New local government minister David Carter is pushing on with a bill which threatens tourism funding and which has been referred to the local government and environment select committee.
“The amendment intends to refocus the purpose of local government, introduce financial prudence requirements for local authorities, strengthen council governance provisions and streamline council reorganisation procedures,” Mr Carter said at the time.
The amendment raised plenty of concern among opposition parties and local authorities, who worried that it might stifle democracy.
At a Tourism Industry Association summit in Wellington earlier this week, less than an hour of the morning session was devoted to the importance of the domestic tourism market.
Operators are worried about the lack of marketing and the uncertainty of funding for the $8 billion a year industry.

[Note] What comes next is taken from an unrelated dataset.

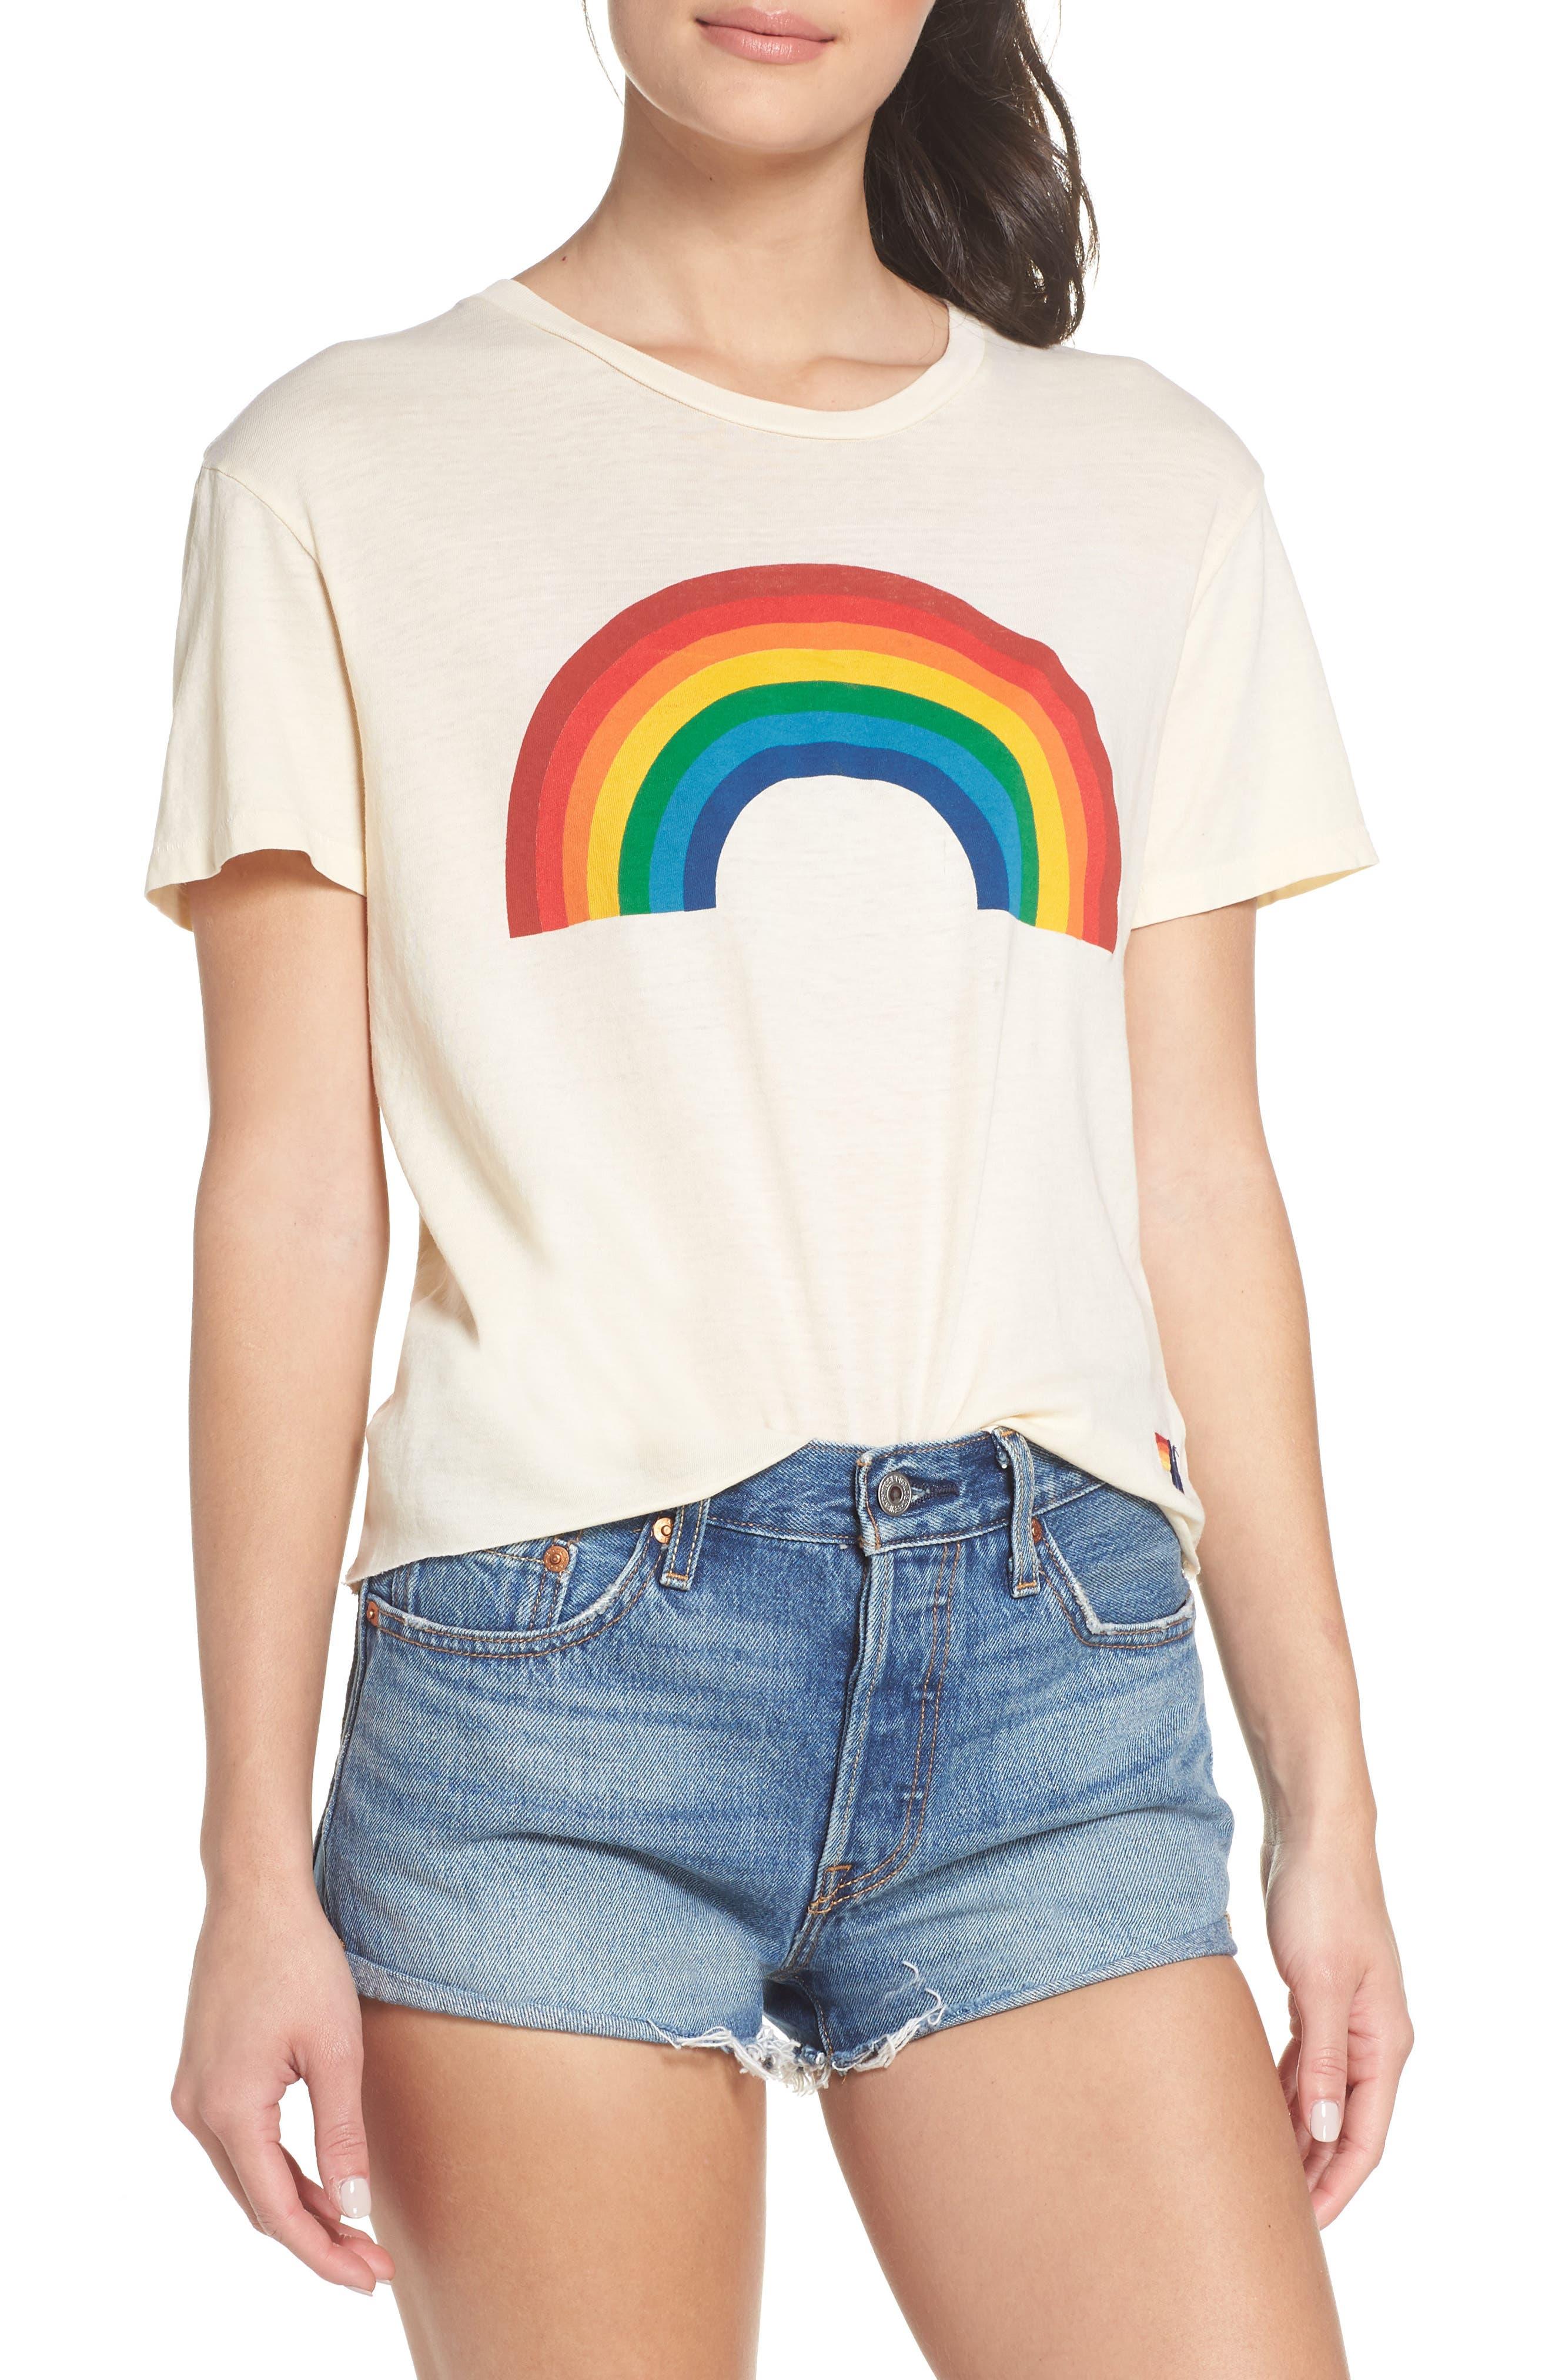 Big Rainbow Boyfriend Tee

It is not part of Tourism New Zealand’s remit to market domestically. Instead, its focus is on marketing the country internationally.
But former Tourism NZ boss and current chairman of Hawke’s Bay Tourism George Hickton says domestic tourism remains a crucial part of the economy.
“It is still the largest part of the tourism industry."
It is often missed that it is the domestic tourism sector which starts building the tourism product and where people create tourism experiences, he says.
He told NBR ONLINE funding regional tourism operators like Hawke’s Bay Tourism is tough because half the time is often spent “fighting for your existence, fighting to justify your funding”.
Southland district mayor Frana Cardno is worried about her council's future ability to fund tourism if the government reforms are adopted.
“I think this is a huge threat to our regional tourism, where we put in a lot of money. We have to help those small operators in the Catlins, on Stewart Island, in Fiordland, and yet we may not be able to do that if this new bill goes through.”
Former AA Tourism ceo Peter Blackwell agrees funding was a challenge and believes the industry should look at a number of options, including whether or not to charge international tourists $25 at the border to help fund domestic tourism.
There is no such charge here, but Australia charges its visitors $55 each.
Chris Adams from Miles Media says $120 million was spent on travel and tourism advertising on television last year – 95% of which was telling New Zealanders to travel overseas.
“So there’s really no significant investment in domestic tourism other than from people such as Positively Wellington. Clearly, we need more activity – we need more co-ordination.”
From what he has seen in markets overseas, co-ordination within the industry is essential.
Nelson-Tasman tourism chief executive Lynda Keene agrees with Mr Hickton that Tourism NZ should not be distracted under current law from its work marketing New Zealand internationally.
However, she says economic domestic wellbeing is just as important as the international economic wellbeing of New Zealand and wants a policy change to enable Tourism NZ to fund domestic marketing.
She believes the best way to increase domestic visitor numbers and marketing is to give the marketing funds directly to regional tourism operators.
Ms Keene says they currently compete "dog-eat-dog style". All they typically need is a minimum investment of $30,000 to achieve huge results.